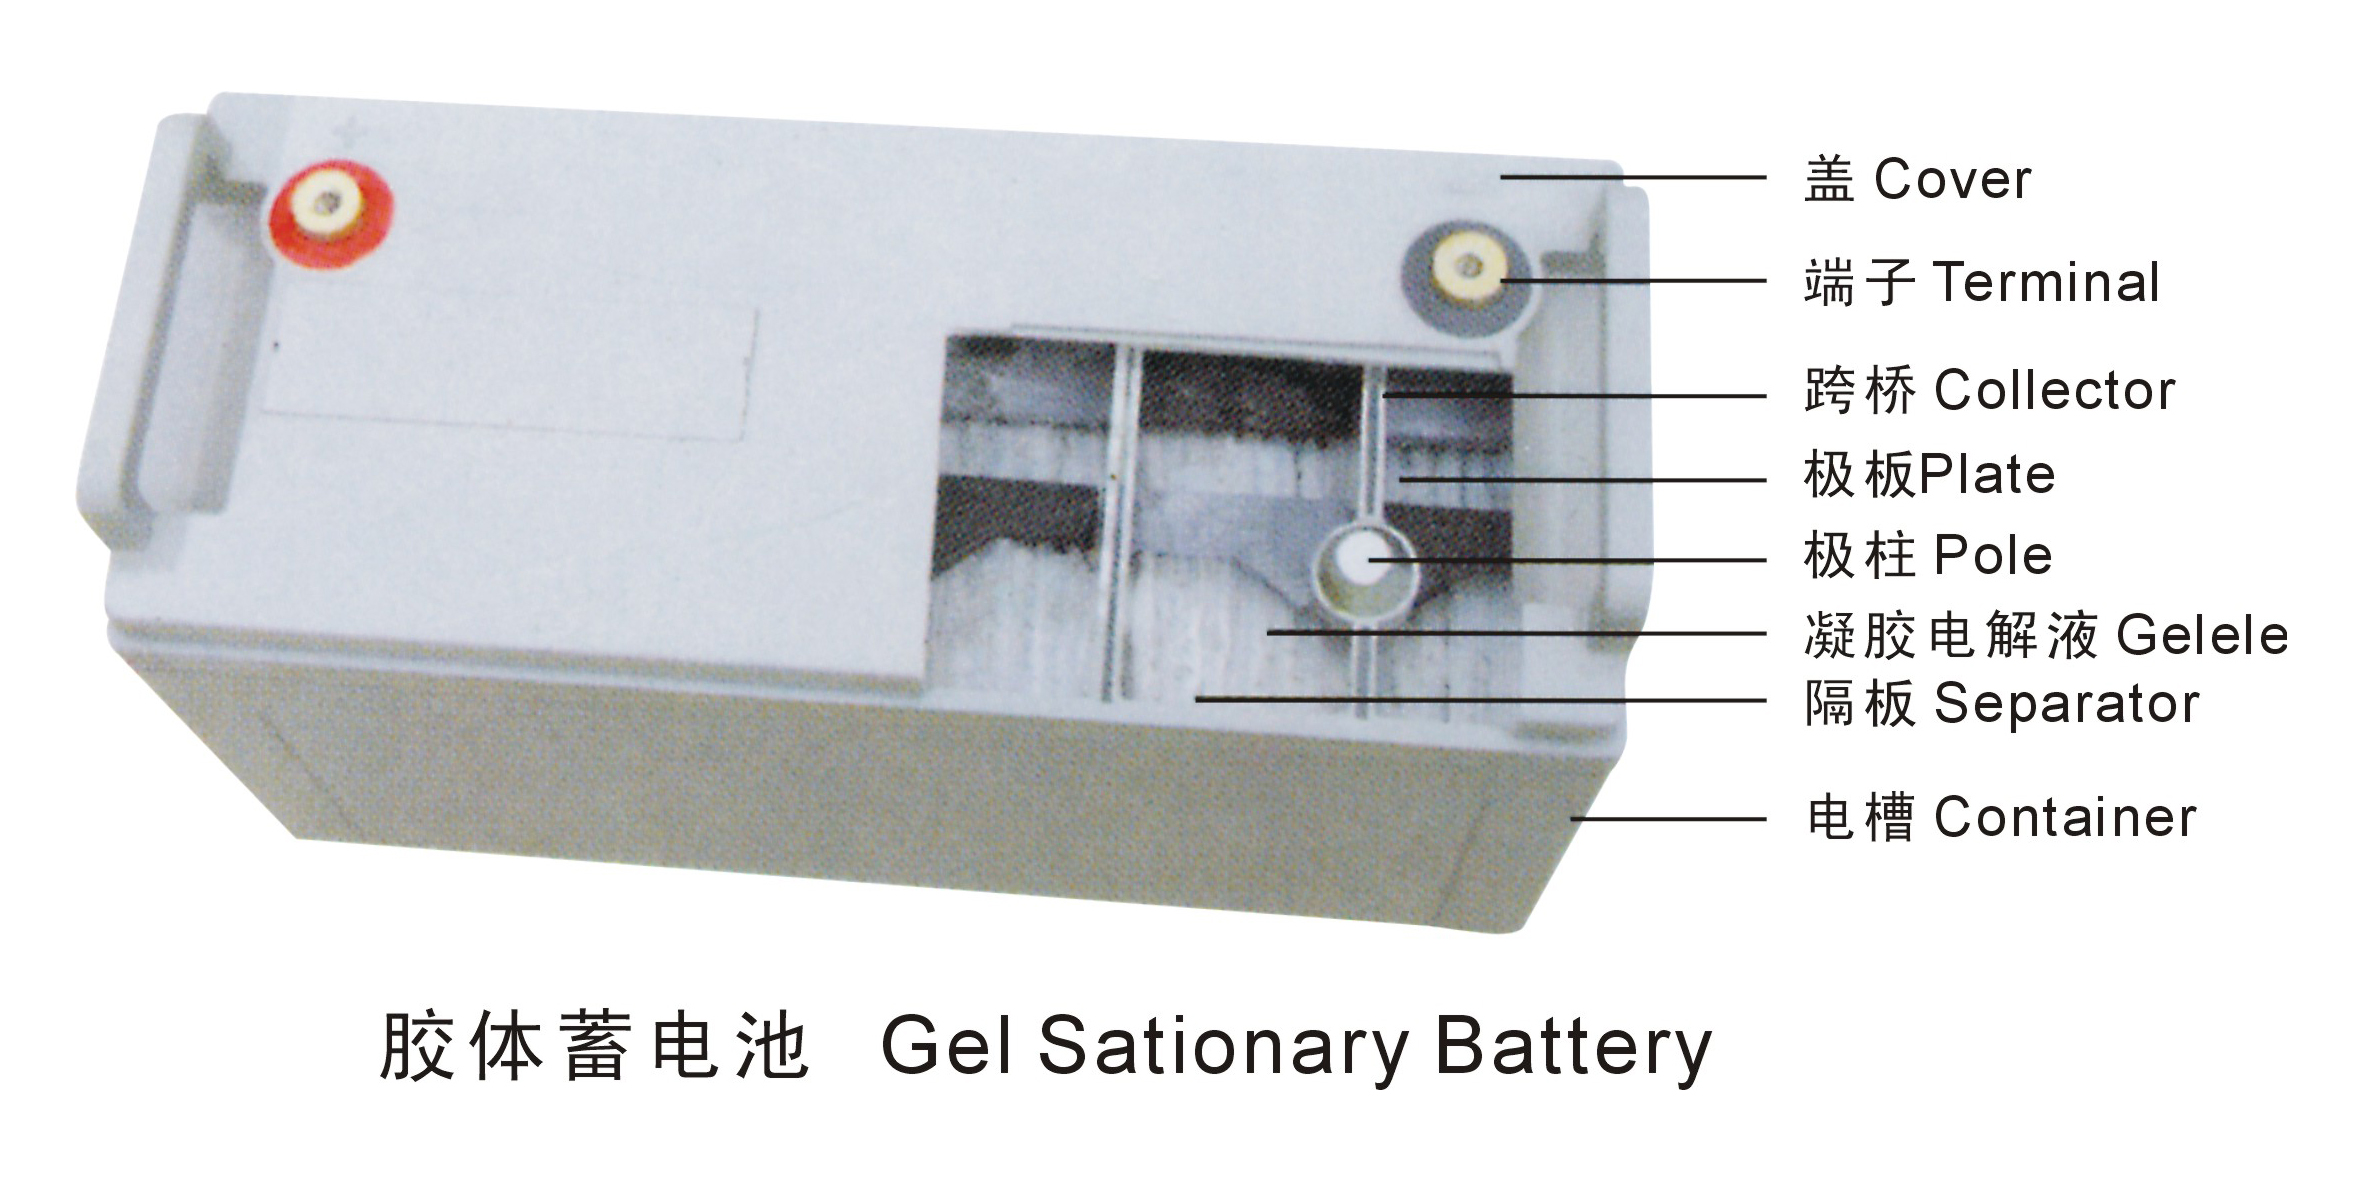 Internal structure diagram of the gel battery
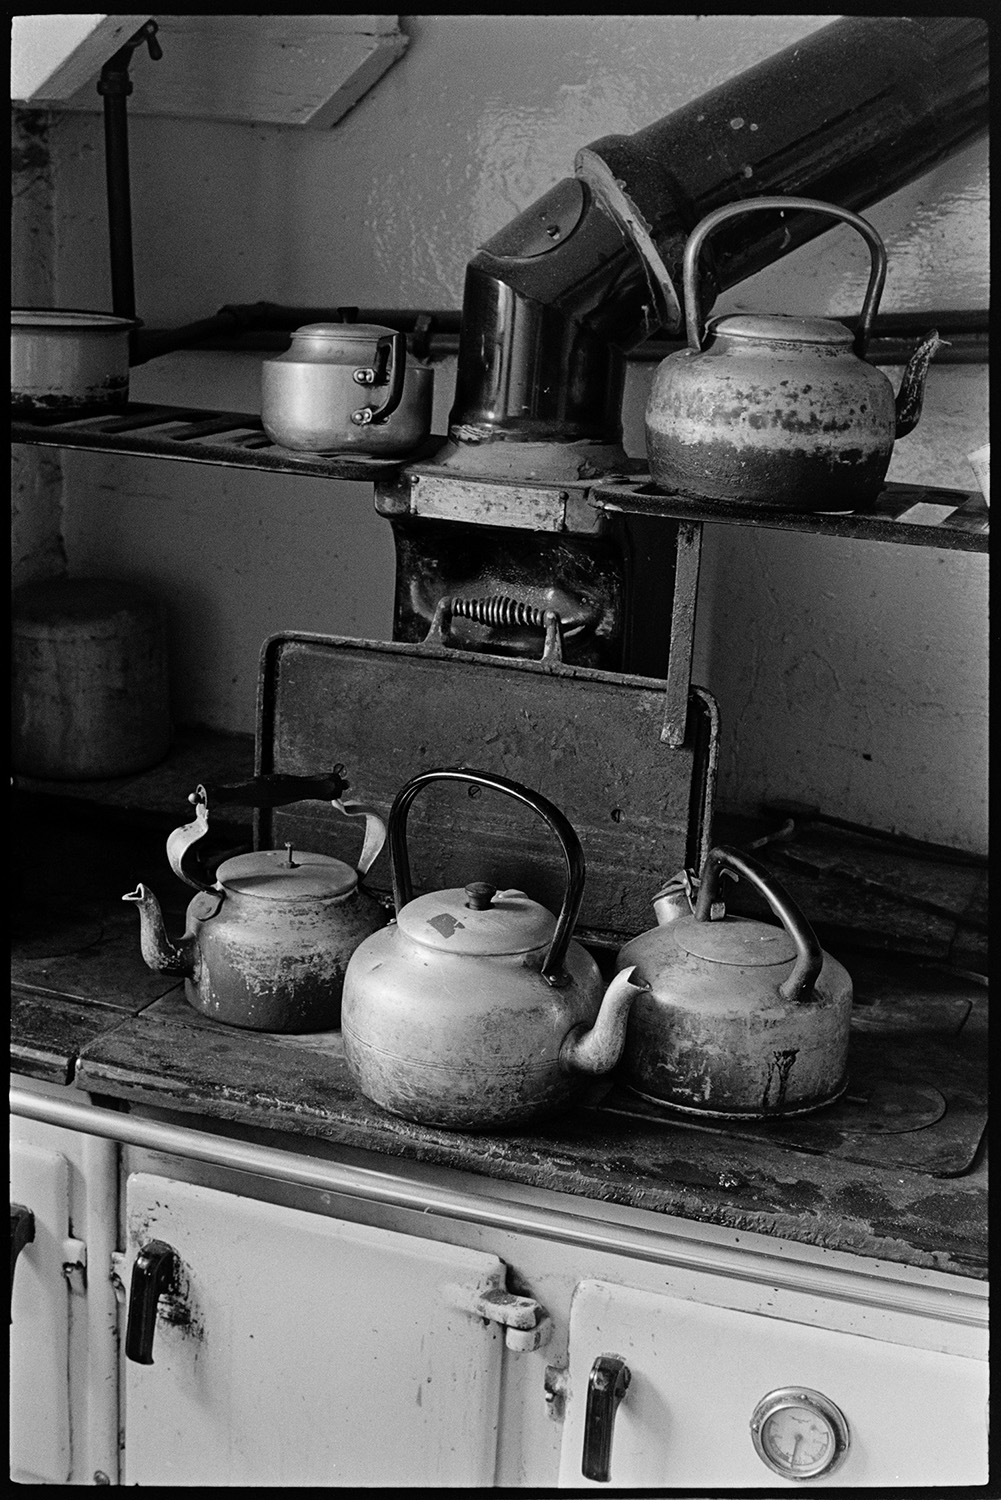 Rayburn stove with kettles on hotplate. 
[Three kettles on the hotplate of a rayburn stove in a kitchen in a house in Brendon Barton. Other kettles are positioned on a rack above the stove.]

* * *

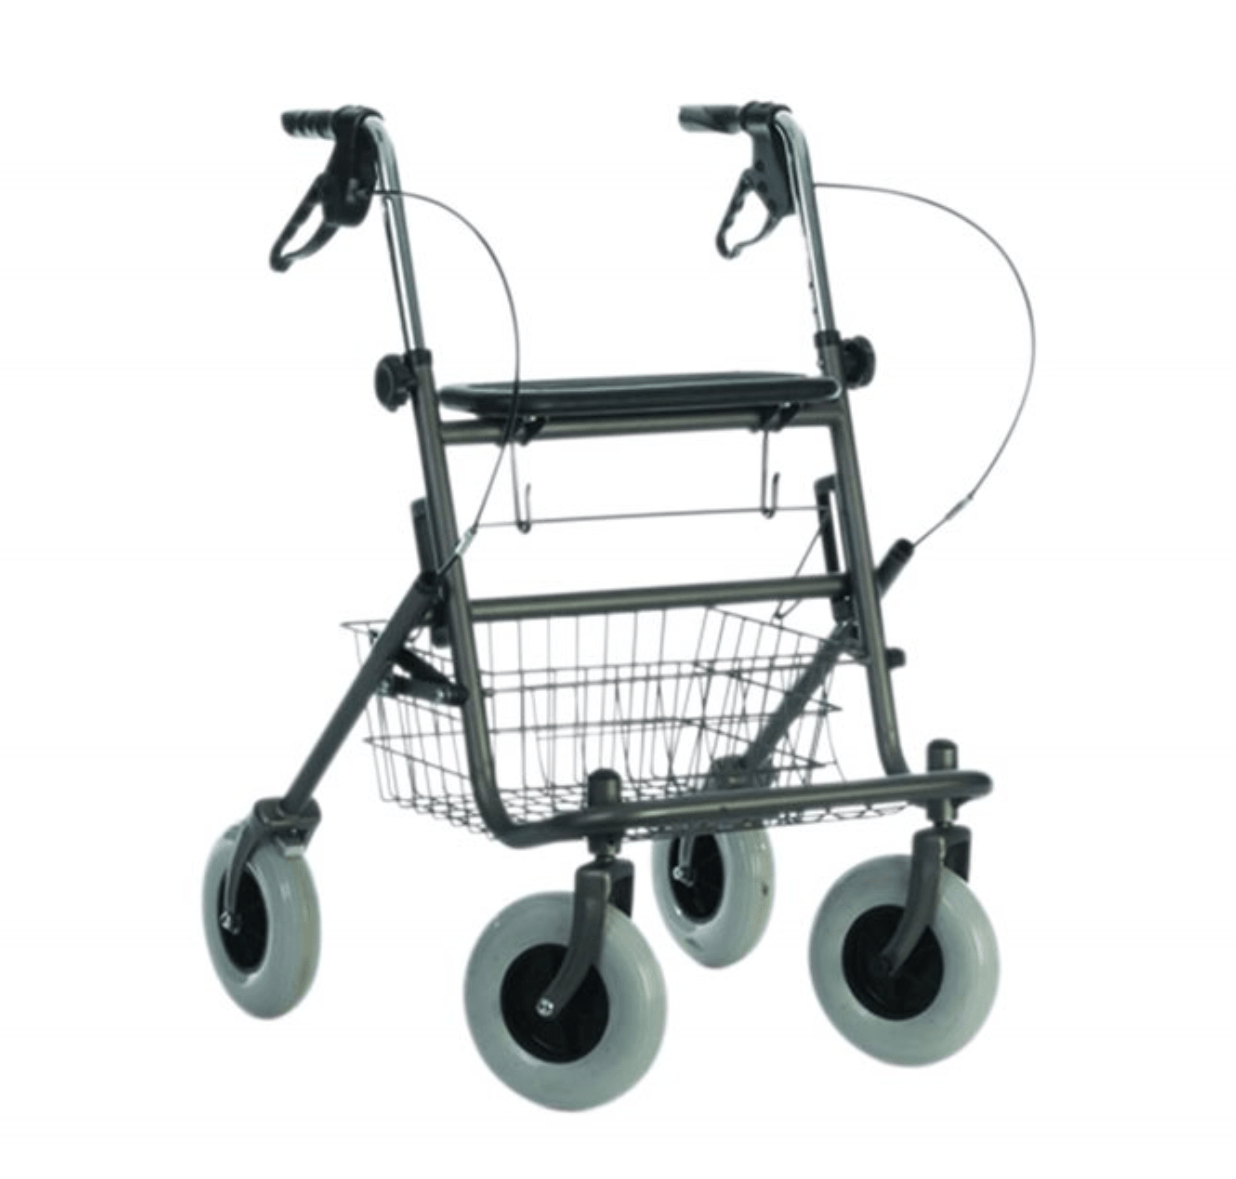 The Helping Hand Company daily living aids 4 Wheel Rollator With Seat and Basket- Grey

▶ **What you have to do**
Within the data above, repeat exactly the lines from the one bearing "Internal structure diagram" through the one bearing "[Three kettles on". Include no pictures and nothing else.

▶ **Result of the task**
 Internal structure diagram of the gel battery
 Rayburn stove with kettles on hotplate. 
[Three kettles on the hotplate of a rayburn stove in a kitchen in a house in Brendon Barton. Other kettles are positioned on a rack above the stove.]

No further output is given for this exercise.